Ковалев мягко смотрел на Виктора Аркадьевича, деликатно молчал, давая ему собраться с мыслями, и Виктор Аркадьевич, обезоруженный его доброжелательностью, никак не мог начать. Ковалев закурил и сказал первым:
— Меня очень радует ваш приход, Виктор Аркадьевич. Откровенно говоря, я очень этого хотел, но все-таки так быстро не ждал.
Виктор Аркадьевич сидел, плотно сомкнув губы. Он выслушал майора и, не глядя на него, сказал:
— Я пришел сюда, чтобы сообщить вам о своем решении… — Он помолчал. — Я решил жениться и усыновить Мишу!

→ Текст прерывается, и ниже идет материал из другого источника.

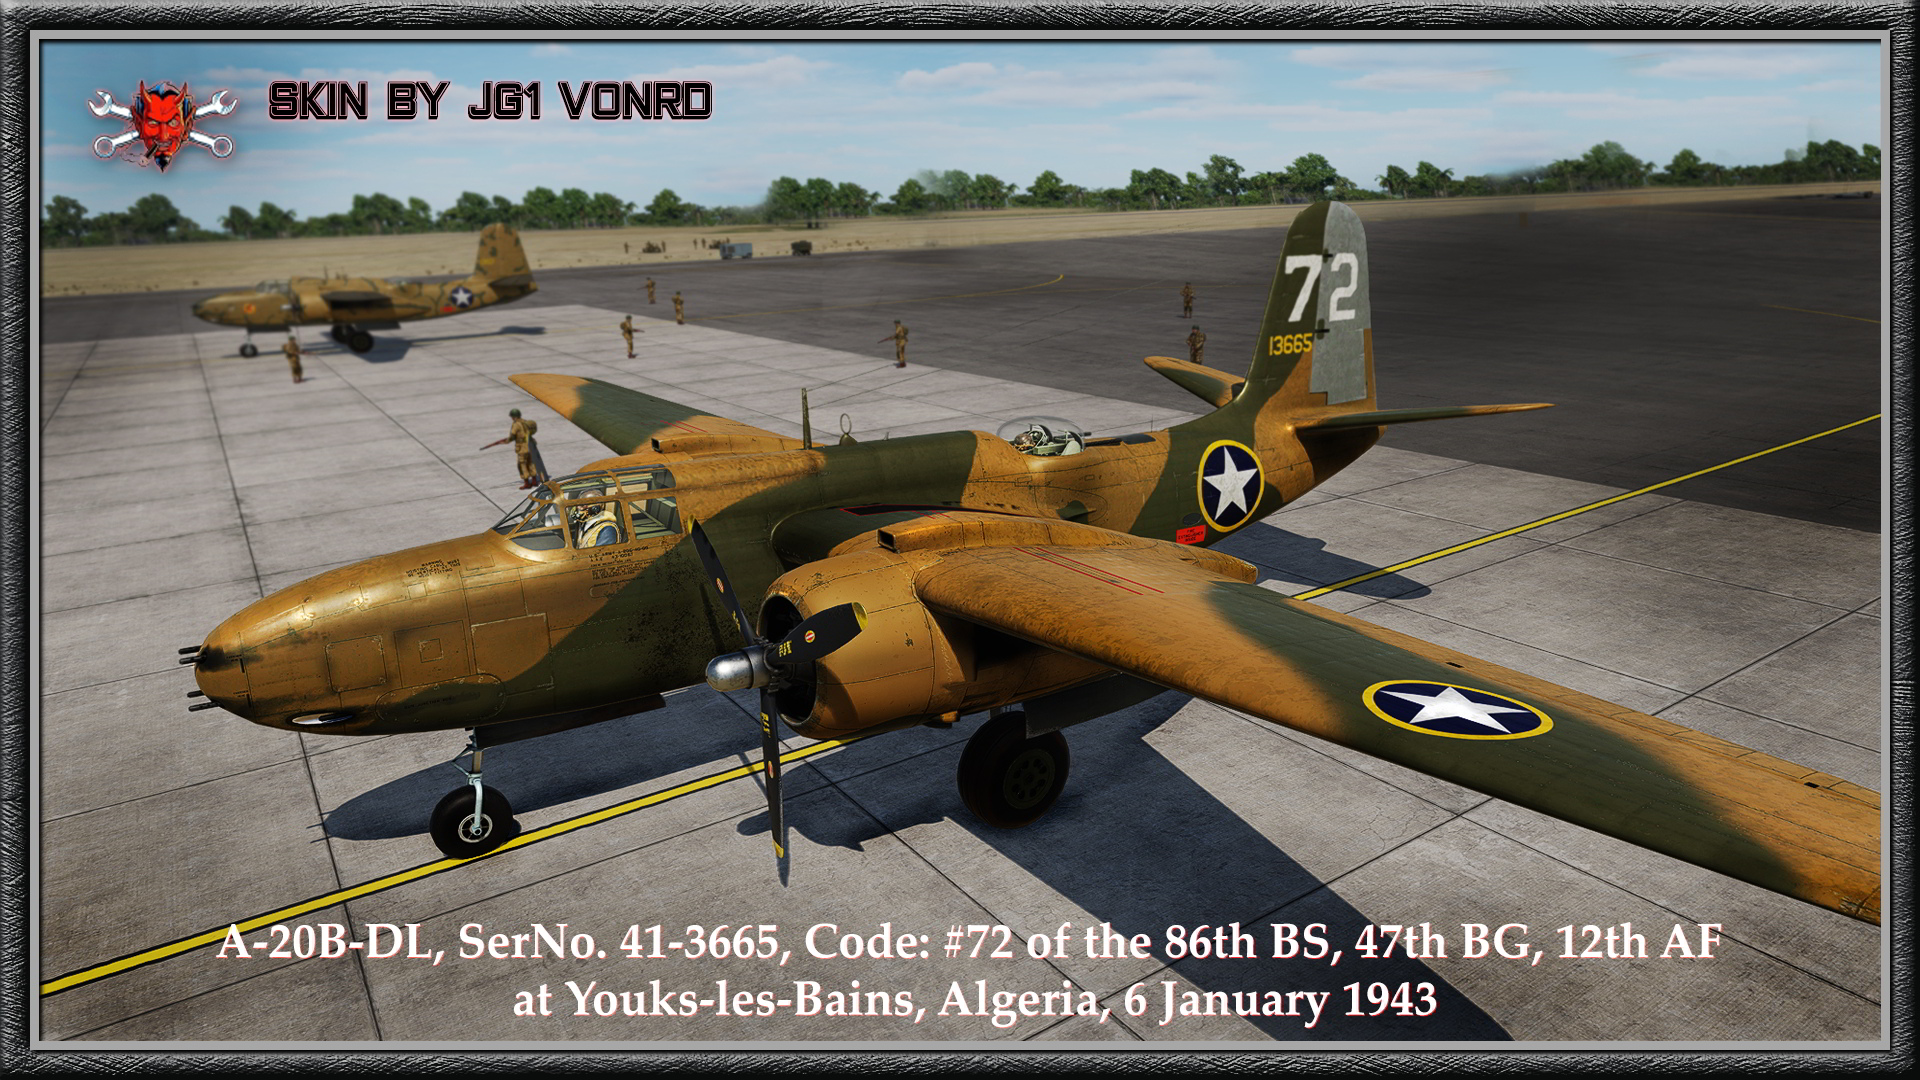 A-20 - USAF_86th BS 47th BG N. Africa No 72

— Вот как! Это хорошо, — кивнул Ковалев. — Когда же вы приняли это решение?
Виктор Аркадьевич дернул головой:
— Вчера!
— Так, так… Значит, решили?.. Очень хорошо!
Героический монолог оказался ненужным. Виктор Аркадьевич ждал возражений, но их не последовало. Ковалев задумался.
— Я люблю Софью Ивановну и ее сына не один год, — придавая голосу необходимую твердость, сказал Виктор Аркадьевич. — Надеюсь, и для милиции любовь — законное чувство? Я до крайности возмущен!.. Да, именно возмущен!
Ковалев поднял голову.
— Чем? Опекой? Особенно опекуном-дворником?
— Именно!.. Именно это и возмущает меня больше всего. Пусть этот ваш Хабибулин — не имею чести знать, но охотно допускаю, — пусть он милейший человек, но что он даст Мише? Что?
— Н-да…
Они оба помолчали. Ковалев невесело покачал головой.
— А ведь дворник-то этот самый ближе всех к мальчику оказался… В трудную-то минуту. Когда погиб его отец. Ведь так? — он вопросительно посмотрел на Виктора Аркадьевича, отвернулся.
Возразить было нечего. Виктор Аркадьевич опять опустил подбородок на трость, долго смотрел перед собой, потом вдруг возмутился, вознегодовал:
— Да знаете ли вы, какой это мальчуган? Знаете?
— Знаю. К сожалению, узнал это раньше вас, Виктор Аркадьевич. Должно быть, именно поэтому здесь и сижу.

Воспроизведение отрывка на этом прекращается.